Cumhurbaşkanı Yardımcısı Yılmaz, yurt dışına eğitim için gönderilen öğrencilerin burslarında yapılan artışları açıkladı

Paylaş:

ANKARA (AA) – Cumhurbaşkanlığı Külliyesi’ndeki “Devlet Bursu ile
Lisansüstü Öğrenim Görme Amacıyla Yurtdışına Gönderilen Öğrenciler ile
Buluşma” programında konuşan Cumhurbaşkanı Yardımcısı Cevdet Yılmaz,
bugün burada dünyanın 40’ı aşkın ülkesinde lisansüstü eğitim alan
gençleri misafir ettiklerini belirtti.

Aydınlık
yarınların teminatı olarak gördükleri gençlerle bir araya gelmekten
büyük memnuniyet duyduklarını ifade eden Yılmaz, bu buluşmaya vesile
olan Milli Eğitim Bakanı Yusuf Tekin ve ekibine teşekkür etti.

Yılmaz,
öğrencilerin yurt dışında sürdürdükleri eğitim hayatlarının kendileri,
aileleri, ülke ve millet için hayırlı olmasını dileyerek, “Eğitim ve
meslek hayatınız süresince icra edeceğiniz çalışmalarda her birinize
şimdiden başarılar niyaz ediyorum.

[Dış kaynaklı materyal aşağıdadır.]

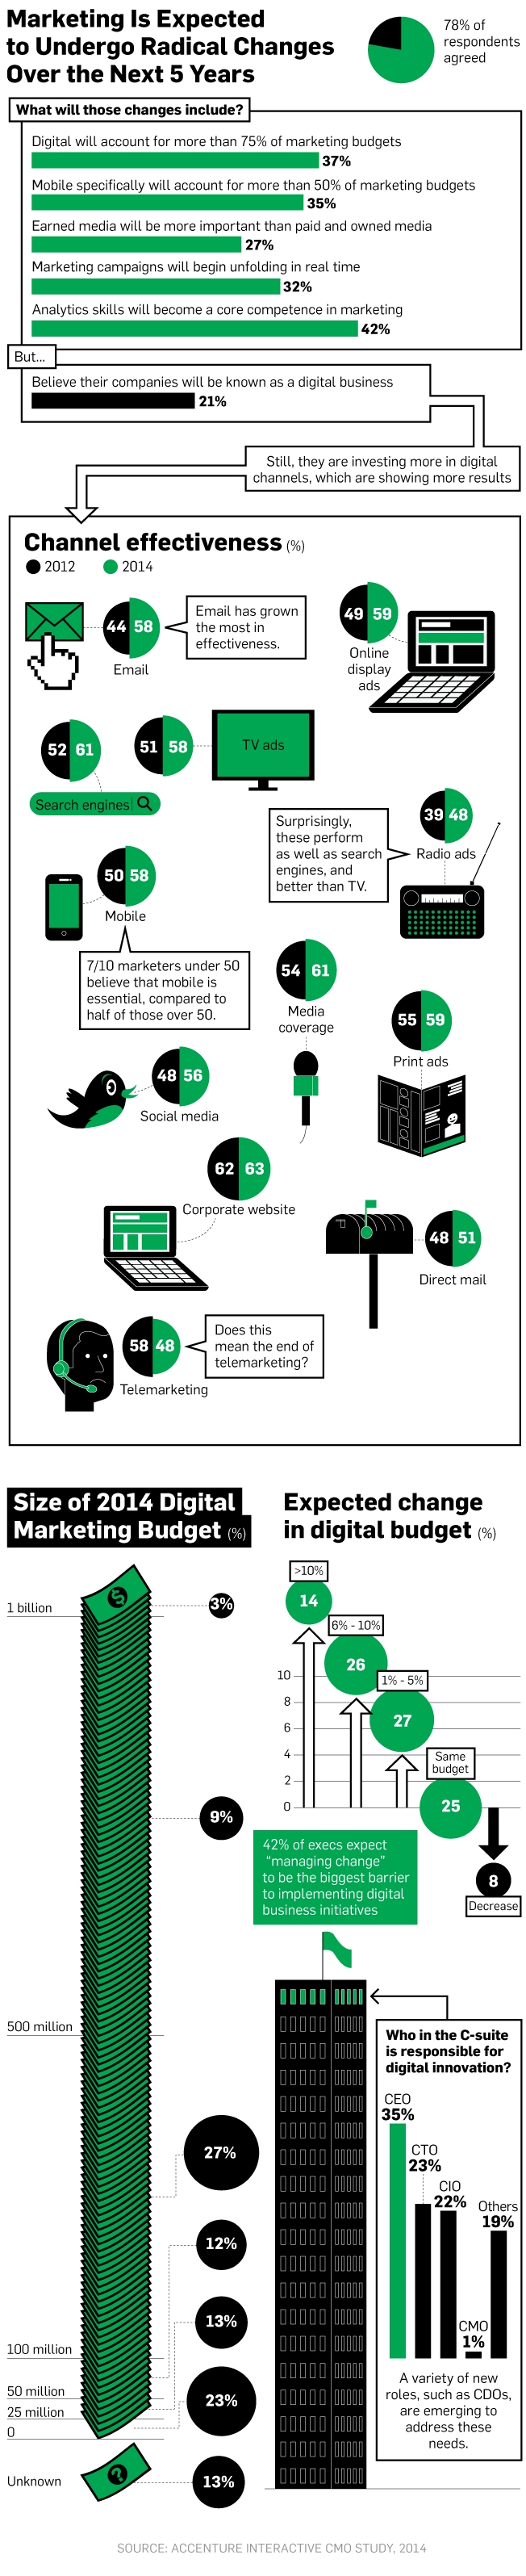 CMOs Are Preparing for Digital to Grow to 75% of Marketing Budgets

Ülkemizi, nitelikli insan kaynağının
omuzlarında Türkiye Yüzyılı’na taşımak için gayret gösteren
Cumhurbaşkanımız Recep Tayyip Erdoğan’ın her birinize en kalbi
selamlarını ve başarı dileklerini iletiyorum.” dedi.

Yılmaz,
devlet bursu alarak yurt dışında eğitim gören öğrencilerin Türkiye’nin
öğretime verdiği önemin belirtilerinden biri olduğunu dile getirdi.

Salonda
bulunan her öğrencinin, maarif ve kalkınma davalarına damgasını vuran
köklü bir geleneği temsil ettiğini aktaran Yılmaz, şöyle devam etti:

“Millet
olarak 2,5 asırdan fazla bir süredir yurt dışına eğitim, öğretim ve
bilgi-görgü amacıyla talebe gönderiyoruz. Bunları da sizler gibi
evlatlarımızın en başarılılarından, en parlak, en iştiyaklı olanlarından
seçiyoruz. Osmanlı’da, devletin duraklama ve gerileme dönemine
girmesiyle birlikte önce Fransa’ya, ardından Almanya’ya öğrenci
gönderdik. Sultan 3. Selim’le başlayan yurt dışında talebe okutma
uygulaması, Cumhuriyet’in ilanından sonra da devam etti. Nice eğitimli
evladını kurban verdiği büyük bir savaştan zaferle çıkan yeni
devletimiz, toparlanma, yeniden ayağa kalkma, kalkınma yolculuğunu devam
ettirebilmek için yetişmiş insanlara ihtiyaç duyuyordu. Ekonomik
bakımdan imkanlar çok kısıtlı olmasına rağmen, Cumhuriyet’in ilk 10
yılında 400’den fazla öğrenci yurt dışına yüksek tahsil amacıyla
gönderilmiştir. Cumhuriyet’in ilk yıllarından 2002 yılına kadar
yurtdışına devlet bursuyla giden öğrenci sayısı 10 bin civarındadır. Bu
öğrencilerin çoğu ülkeye geri dönerek, millete şükran borcunu ödemek
için farklı alanlarda başarılı çalışmalara imza atmıştır. Bir kısmı ise
gittiği ülkelerde kalarak hayatlarını orada devam ettirmiştir. Bursiyer
olarak yurt dışına gidip şu an bakan, üst düzey bürokrat, kurum başkanı
olarak Türkiye’ye hizmet eden pek çok kardeşimiz bulunuyor. Bir örneği
de İhsan Süreyya Sırma hocamız.”

“Yurt dışına burslu gönderilen öğrencilerin sayısını ciddi oranda yükselttik”

Yılmaz,
Cumhurbaşkanı Recep Tayyip Erdoğan’ın güçlü liderliğinde 2002’de ülkeyi
yönetme sorumluluğunu devraldıklarında, eğitime dair diğer tüm konular
gibi bu meseleye de büyük önem ve öncelik verdiklerini dile getirdi.

2006’da
“5 Yılda 5 Bin Öğrenci Projesi”ni başlattıklarını hatırlatan Yılmaz,
“Böylece 2006’dan itibaren yurt dışına burslu gönderilen öğrencilerin
sayısını ciddi oranda yükselttik. O günden bugüne kadar, hükümetlerimiz
döneminde yurt dışına burslu giden öğrenci sayısı 12 bindir. Yani
Cumhuriyet tarihi boyunca program kapsamında giden 21 bin 500 öğrencinin
yüzde 56’sı son 20 yılda bu imkana kavuşmuştur.” diye konuştu.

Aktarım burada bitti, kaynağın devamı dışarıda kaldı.